I have native IPv6 connectivity from my provider (/64 address space), and want to have IPv6 in my network. Between provider and LAN sits the WRT54GL router, having Backfire (trunk r29337 few days old). I have followed the Wiki and forums here to set up IPv6 successfully on LAN and WAN. But the problem I have is that my OpenWRT router does not want to forward IPv6 traffic between LAN and WAN.

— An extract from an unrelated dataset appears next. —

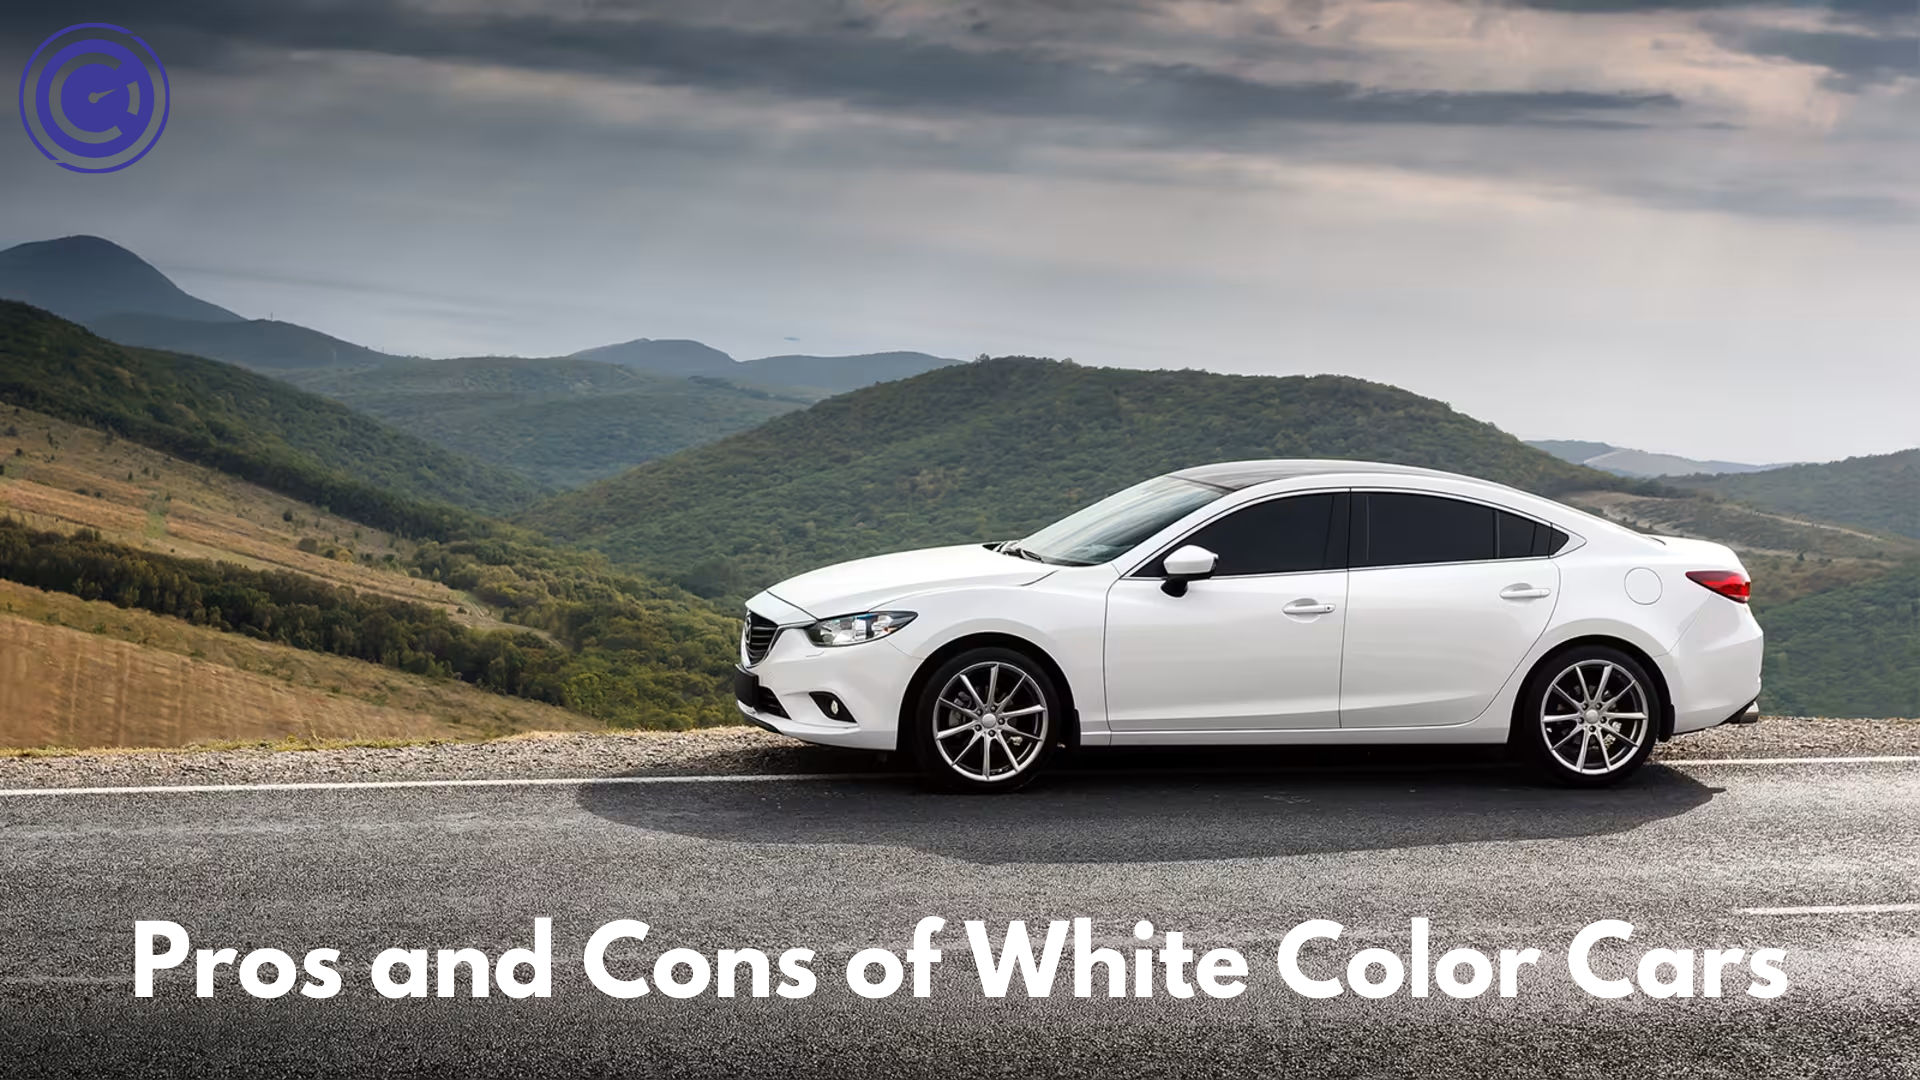 Pros and Cons of White Color Cars

When I do "ping6 ipv6.google.com" from PC in LAN, the ping times-out. The problem seems to be that traffic from WAN is not forwarded to LAN. I am attaching the TCPDUMP traffic dump for pinging ipv6.google.com from local PC later on. Please note that IPv4 is working without problems. This topic is only about IPv6 issue.
In WAN, I have static IPv6 address and static gateway. Provider routes me whole /64 address space. Communication from router to WAN (to the internet) works fine. Even pinging the router's from the internet works.

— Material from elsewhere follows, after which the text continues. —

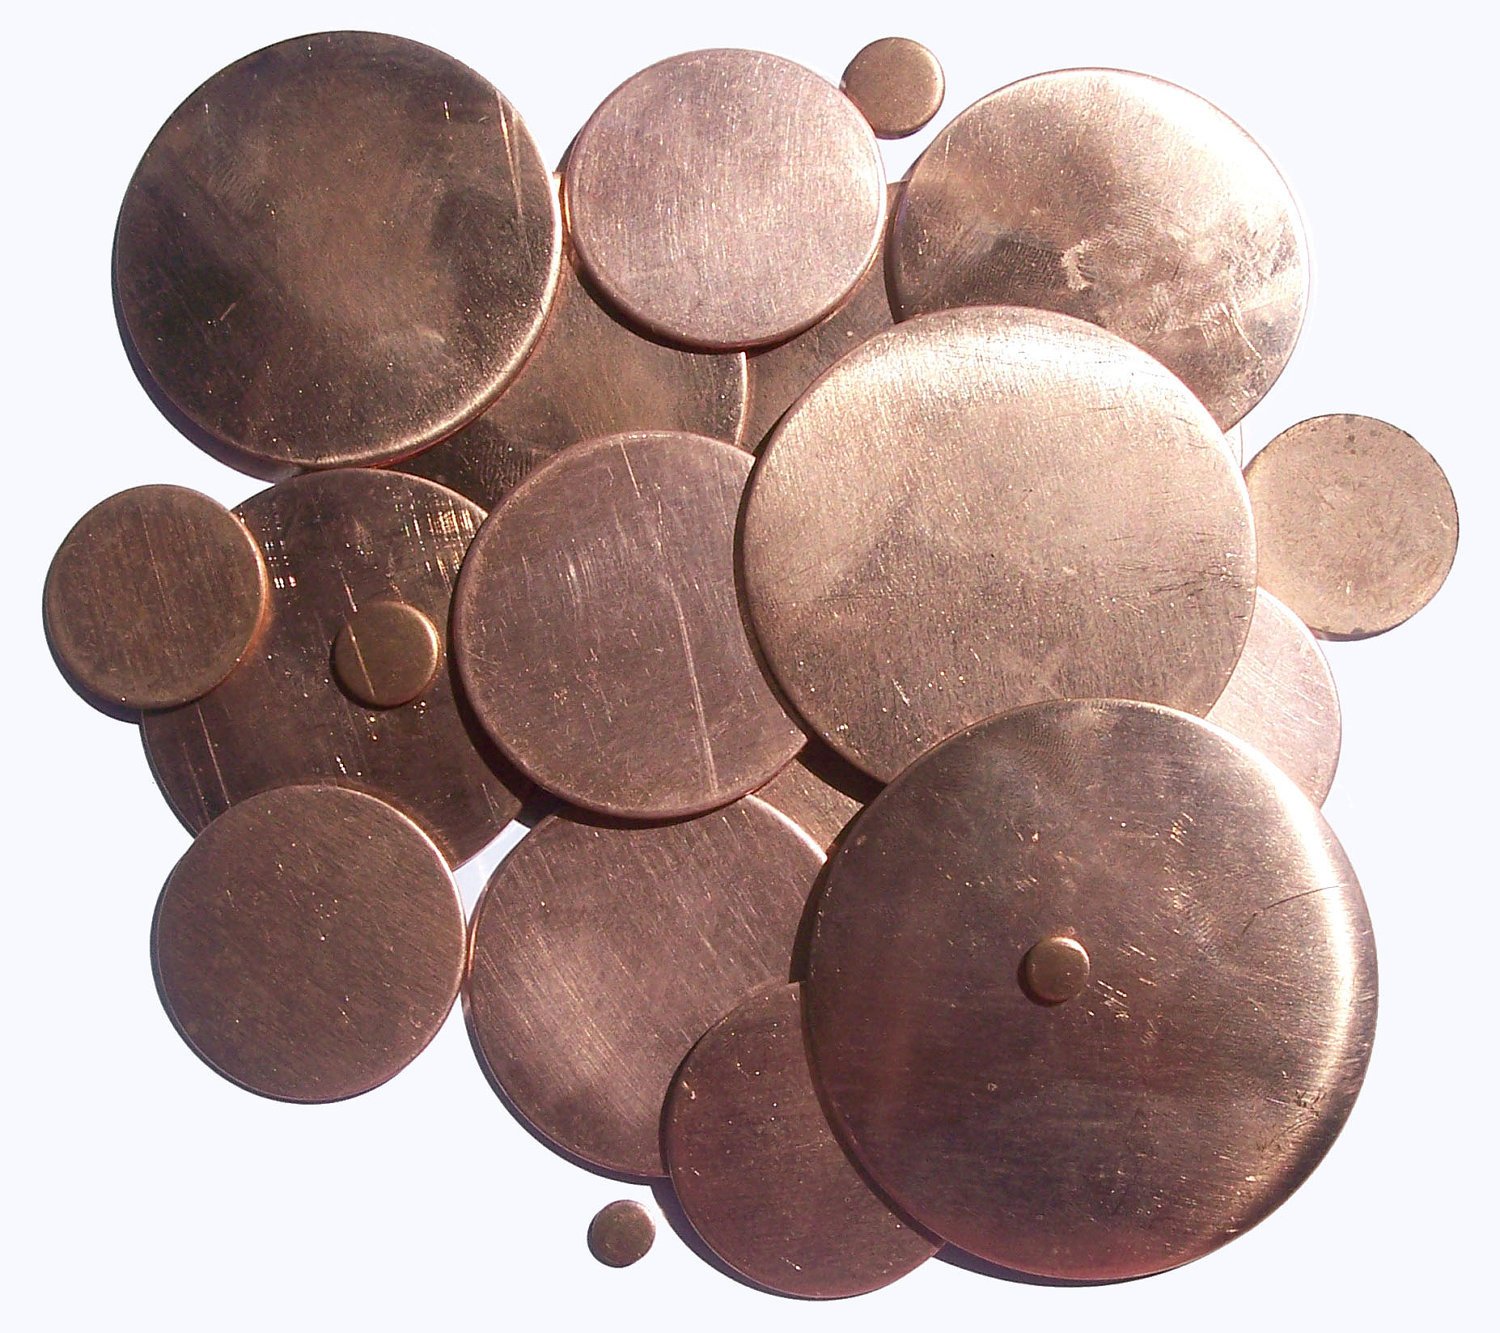 20mm Blank Disc 20G Cutout for Enameling Stamping Texturing Blanks - Metalworking Supply - 6 Pieces

In LAN, I have static IPv6 address, and RADVD is set up to advertise /64 address space given by the provider to local network. I have a Windows client (tested Ubuntu as well, no difference), which configures itself by autoconfiguration. Communication between the client and router works perfectly, but client cannot communicate with the IPv6 internet.
The topology:
<Internet>
|
+-------------------+
| provider's router | ------- 2a00:c500:dead:61 (static address)
+-------------------+ |
| Assigned adress range:
| 2a00:c500:dead:60/60
+-------------------+ |
| eth0.1 --- 2a00:c500:dead:68 (static address)
| my router |
| eth0.0 --- 2a00:c500:dead:68:1 (static adress)
+-------------------+ |
| Advertised address range:
| 2a00:c500:dead:68:/64
+-------------------+ |
| local PC | ------- 2a00:c500:dead:68:5:5:5:5 (autoconfiguration)
+-------------------+
Basic TCPDUMP from the router showing both interfaces (eth0.0 and eth0.1) together. I did "ping ipv6.google.com" on local PC. Router sent out the ICMPv6 PING packet ([1] and [2]). But then provider's router asked for the recipient's address ([3], [4] and [5]), but OpenWRT didn't do nothing with these packets (not forwarded, not responded).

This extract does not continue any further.